Russia’s central bank is proposing a ban on cryptocurrency trading and mining


Russia’s central bank has proposed a ban on all cryptocurrency operations in the country, one of the world’s largest centers for digital token mining.

According to the draft proposal, Russia would ban all issuance and operations of cryptocurrencies, stop banks from investing in cryptocurrencies, block the exchange of cryptocurrencies for traditional currency and introduce legal liability for the use of cryptocurrencies in purchases.

In a 36-page report released Thursday, the central bank said: “The skyrocketing growth and market value of cryptocurrencies are defined primarily by speculative demand for future growth, which creates bubbles.”

“Cryptocurrencies also have aspects of financial pyramids, as their price growth is largely supported by the demand of new market participants,” it adds.

The proposal comes after the EU’s senior financial regulator told the Financial Times it was a bloc should be banned the mining method used to produce most new bitcoins, an energy-intensive practice called “proof of work”.

Elizaveta Danilova, head of the central bank’s financial stability department, said Russians would still be allowed to own cryptocurrencies abroad, but warned that regulators would monitor their investments.

“We believe that it is very important to ban the use of Russia’s financial infrastructure to obtain cryptocurrency. We think that this will help remove a significant part of the risk and ensure that cryptocurrency will not be so popular, “she said, Interfax reports.

The announcement did not seem to undo the price of bitcoin, which rose 1.8 percent against the dollar on Thursday.

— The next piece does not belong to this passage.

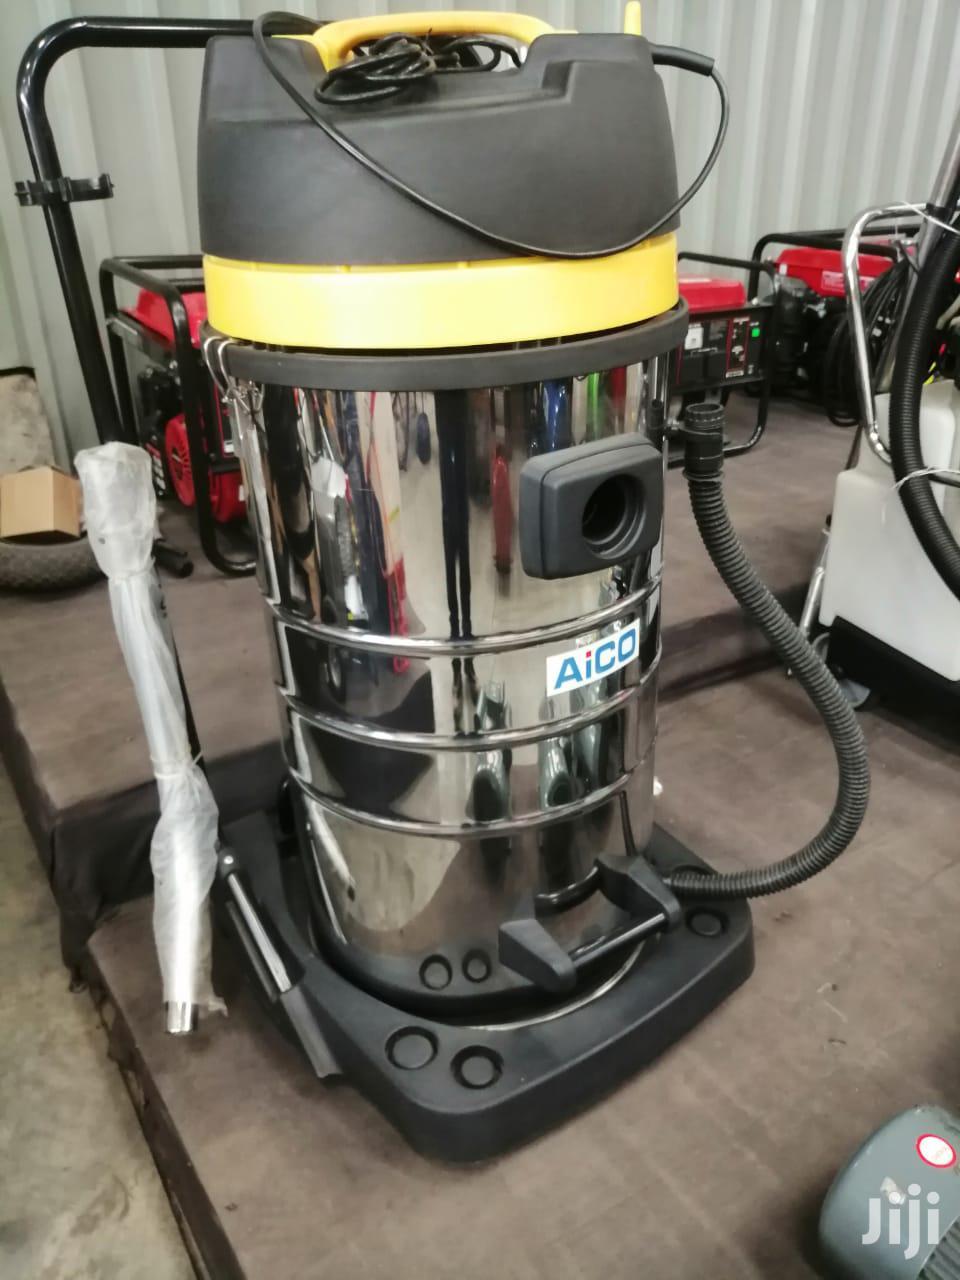 Brand New 100l Wet and Dry Vacuum Cleaner. | Home Appliances for sale in Imara Daima, Nairobi, Kenya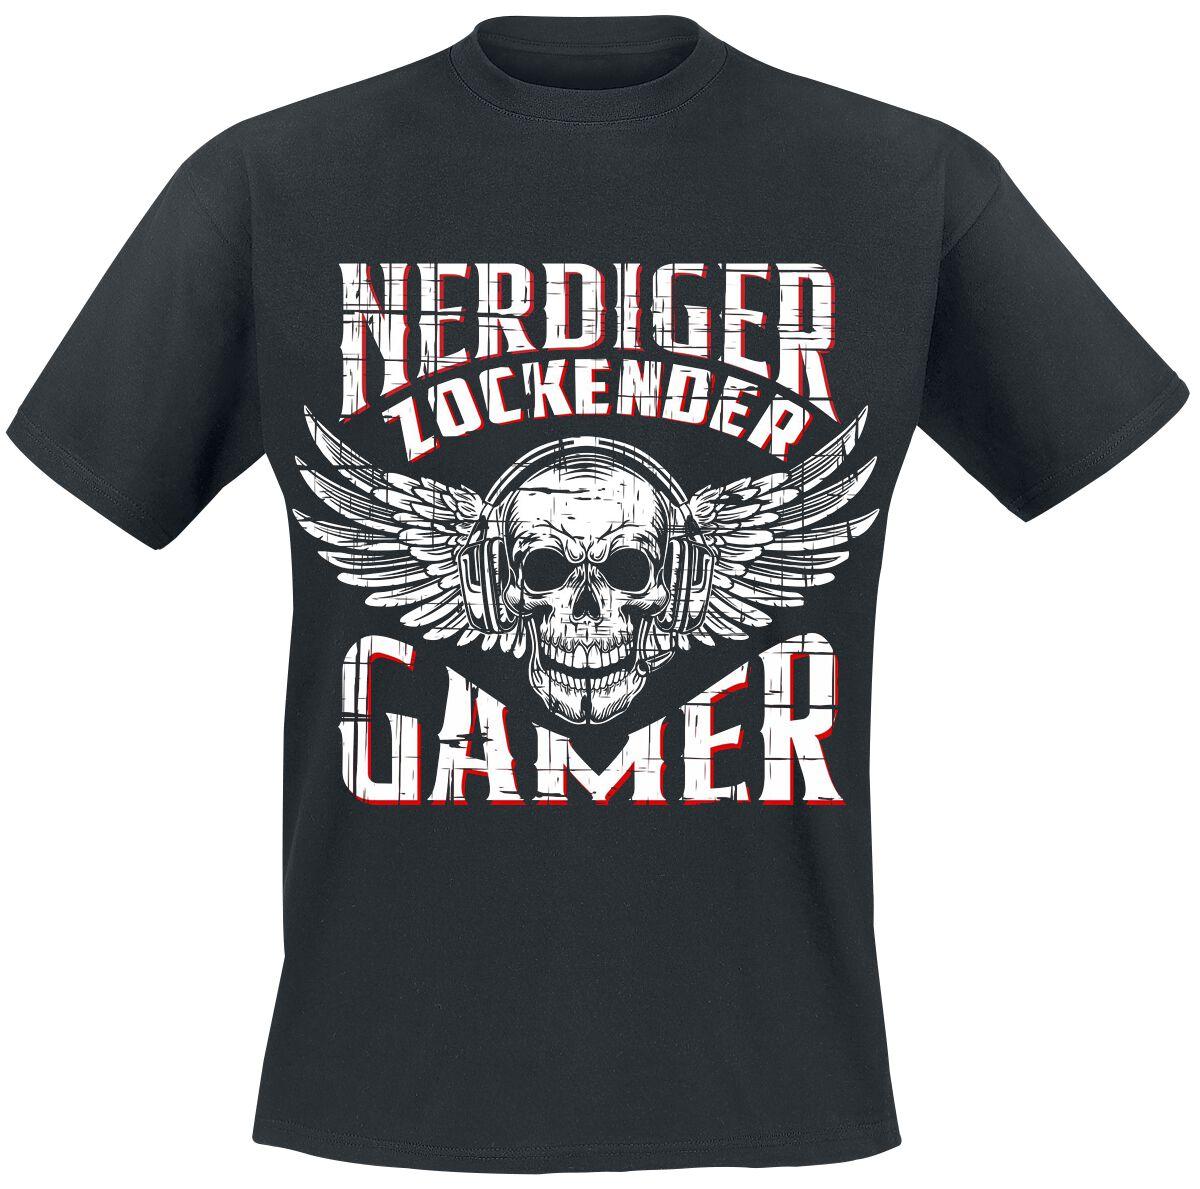 Nerdiger Zockender Gamer Nerdiger Zockender Gamer T-Shirt schwarz POD - Nerdiger zockender gamer - Gildan

After China declared all cryptocurrency activities illegal last September, the currency fell but recovered a few days later.

Elvira Nabiullina, the governor of Russia’s central bank, has long been a skeptic of cryptocurrencies.

“There are great risks of cryptocurrencies being used for money laundering and illegal operations, and we have put a lot of effort into clearing the financial system of illegal and suspicious transactions,” she said in an interview with FT last year. “A significant number of bank licenses we revoked were because they did suspicious things like this.”

“We’ve already beaten this problem and we don’t want to let him in the back door.”

In a report, Russia’s central bank said cryptocurrencies would boost already hot inflation by “limiting monetary policy sovereignty” and warned it could be used “to service illegal activities”.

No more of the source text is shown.